On a simmering July evening, the incandescence of Bangalore’s commercial heart takes glow on MG Road; where Eastern charms recede, and the night is swept over by Western influence. Yet the charisma of its people never fades.

The perpetual horn sirens and a street vendor yells, ‘pani puri, 50 rupees’ in tandem. Through the frenzy, the voice of Pramod, a ‘rickshawala’ can be heard. ‘Please sir,’ ushering us into a rickshaw, as he steps precariously with one foot on the brake and the other on the pavement, acting like an anchor to the vehicle. The license displayed on the back of his seat offered the only semblance of trust, despite not looking anything like him. Noting our concern he jests, ‘good horn, good brakes and good luck, are my three golden rules.’

Pramod powerfully presses his foot against the accelerator, and the rickshaw jerks forward, causing a cool waft of incense and chai from the Bangalore night to enter the vehicle. Skilfully weaving between the traffic and into a clearing, Pramod turns to us and smiles, revealing his gold-plated teeth. ‘We Indians can have fun too,’ he exclaims.

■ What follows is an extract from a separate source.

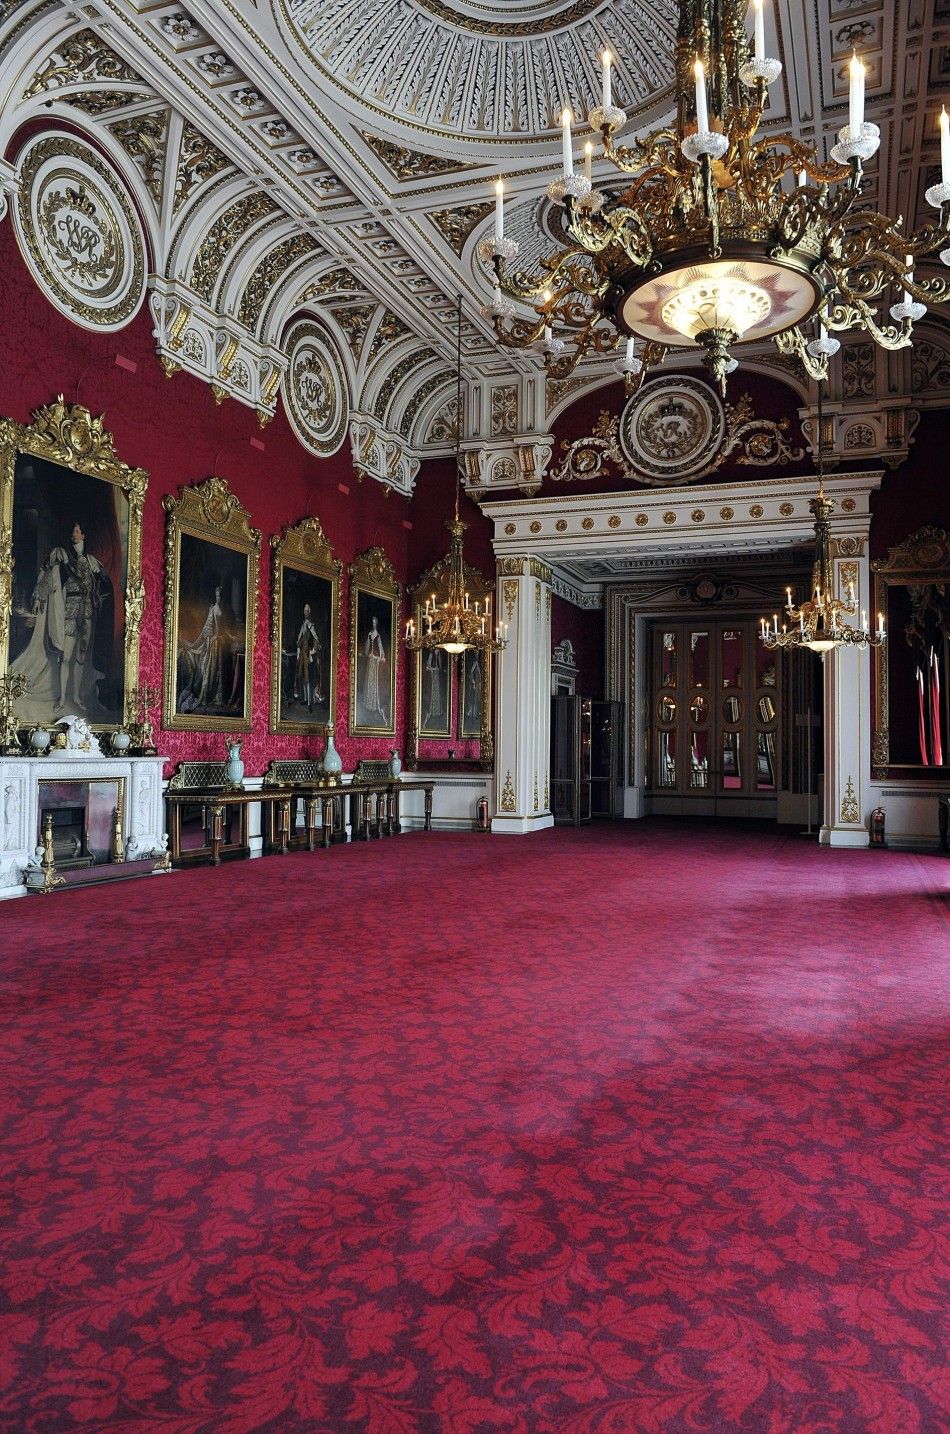 Buckingham Palace reveals royal wedding secrets

Suddenly Pramod turns the rickshaw into the oncoming traffic and back, as if playing a game of chicken. ‘Adhika’ translating to ‘more’, he questions.

As he slams on the brake at a red traffic light, the humid South Indian heat can be felt again, providing contrast to the adrenaline rush. Cars collect around our petite rickshaw, over-spilling to where the oncoming traffic is due. Across the junction; a mirror image. Pramod’s impatience is evident, he starts tapping a Bhangra beat on the metal bar separating us from him, ‘ek minute’ he says disembarking, to our awe. Leaving us encompassed by revving engines and drivers erring to move, like tigers on short tethers.

Pramod can be seen, unstirred, by a barbers shack, smoking a ‘bidi’ and bantering with a friend. The lights turn amber-engines begin to roar. He spits out some Betel leaf, known locally as ‘Paan’, and urges himself, ‘Jaldi, jaldi’ as he darts back toward us.  He then pauses to smile, before expertly jacking up the engine.

What may appear chaotic and erratic to the outsider in India, is actually uniquely organised. Pramod embodies this. Placing each hand against the outer shell of the rickshaw, leaving the steering wheel to its own devices, he says ‘this is my life, I have it under control.’